PANCASILA |
Problema
Sila Kelima Pancasila
Pancasila
merupakan falsafah dan sumber hukum bagi segala kebijakan yang menjadi rujukan
penyelenggaraan negara. Sebagai falsafah dan sumber hukum, Pancasila juga
memuat tujuan (causa finalis) kebernegaraan Indonesia.

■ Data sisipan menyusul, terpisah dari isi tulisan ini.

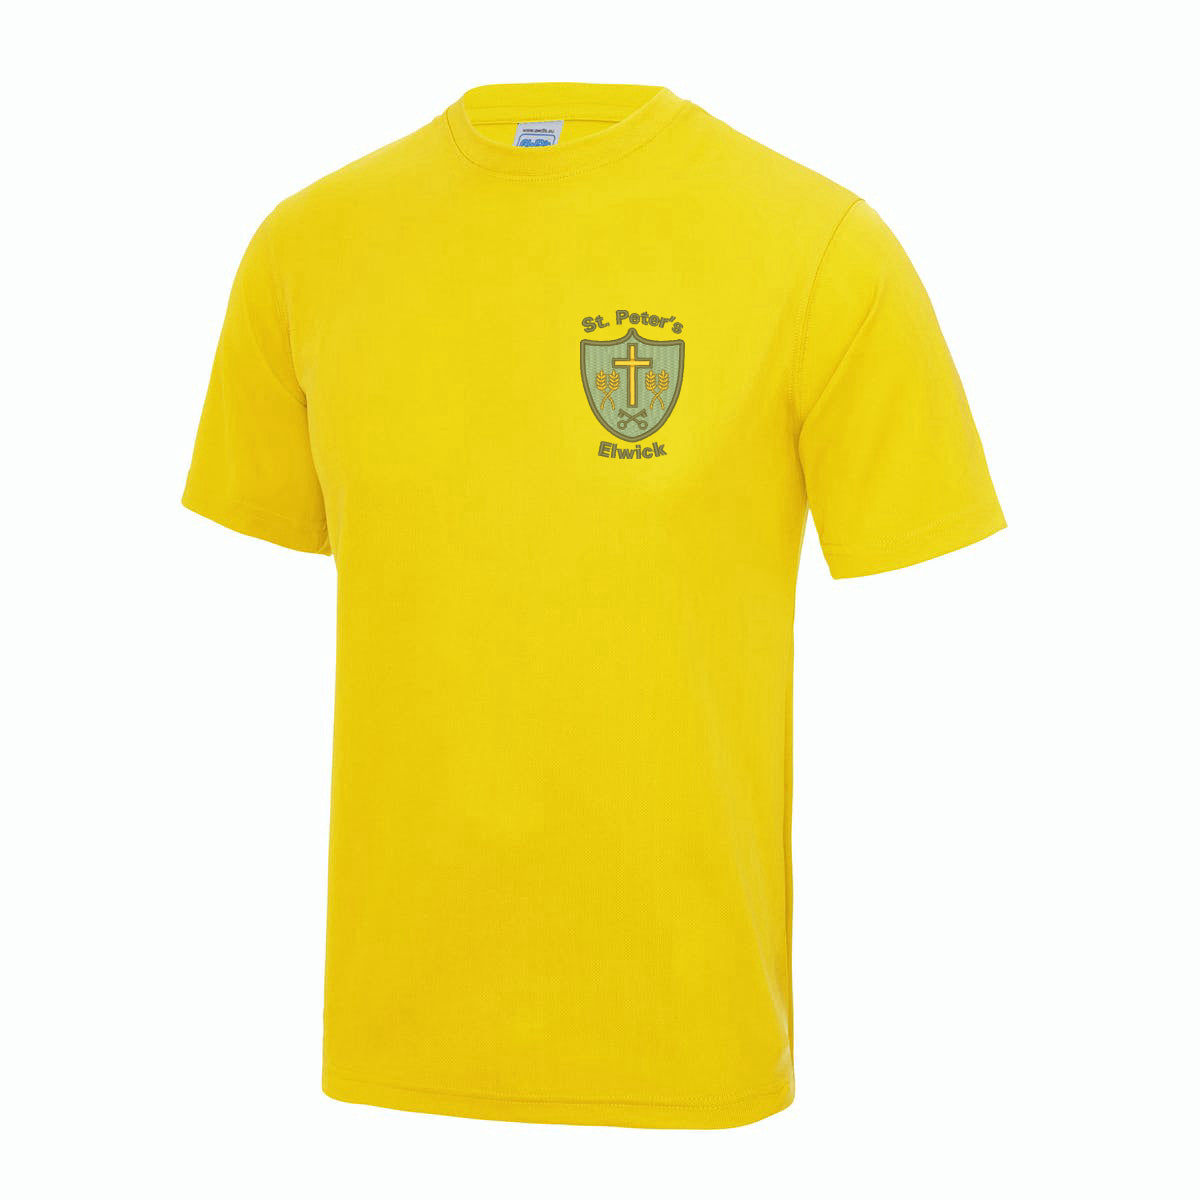 St. Peter's Elwick Yellow Sports T Shirt

Puncak tujuan/cita-cita
perjuangan itu termuat dalam Sila kelima yakni, “Negara harus mewujudkan
keadilan sosial bagi seluruh negara Indonesia.”
Pokok pikiran
Sila Kelima ini merupakan suatu tujuan atau cita-cita luhur yang ingin dicapai
dalam Pembukaan UUD 1945 dan merupakan suatu causa finalis (sebab tujuan),
sehingga dapat menentukan jalan serta aturan-aturan mana yang harus
dilaksanakan dalam Undang-Undang Dasar untuk sampai pada tujuan tersebut; Keadilan
Sosial Bagi Seluruh Rakyat Indonesia.
Sejauh
perjalanan bangsa ini dengan Pancasila sebagai weltanschauung-nya (Falsafah),
kita mungkin bisa merenung sejauh apa kita telah berjalan di atas kaidah-kaidah
yang mestinya merupakan penjabaran Pancasila dalam berbangsa dan bernegara. Dan
sudah seberapa jauh goal bangsa kita (Sila Kelima) ini kita capai?
Kerisauan
melihat semakin merebaknya kekerasan, permusuhan dan intoleranansi menunjukan
bahwa kemanusian yang adil dan beradab serta persatuan Indonesia yang dijiwai
nilai-nilai Ketuhanan belumlah tersarikan dalam kehidupan berbangsa dan
bernegara kita. Ketimpangan penegakan hukum, UU pro kapitalis, kapitalisasi di segala lini kehidupan, kesenjangan
kesejahteraan sosial ekonomi, dan lain sebagainya, mengindikasikan bahwa kita
belum benar-benar berjalan di atas jalan yang benar, jalan yang lurus sesuai Pancasila.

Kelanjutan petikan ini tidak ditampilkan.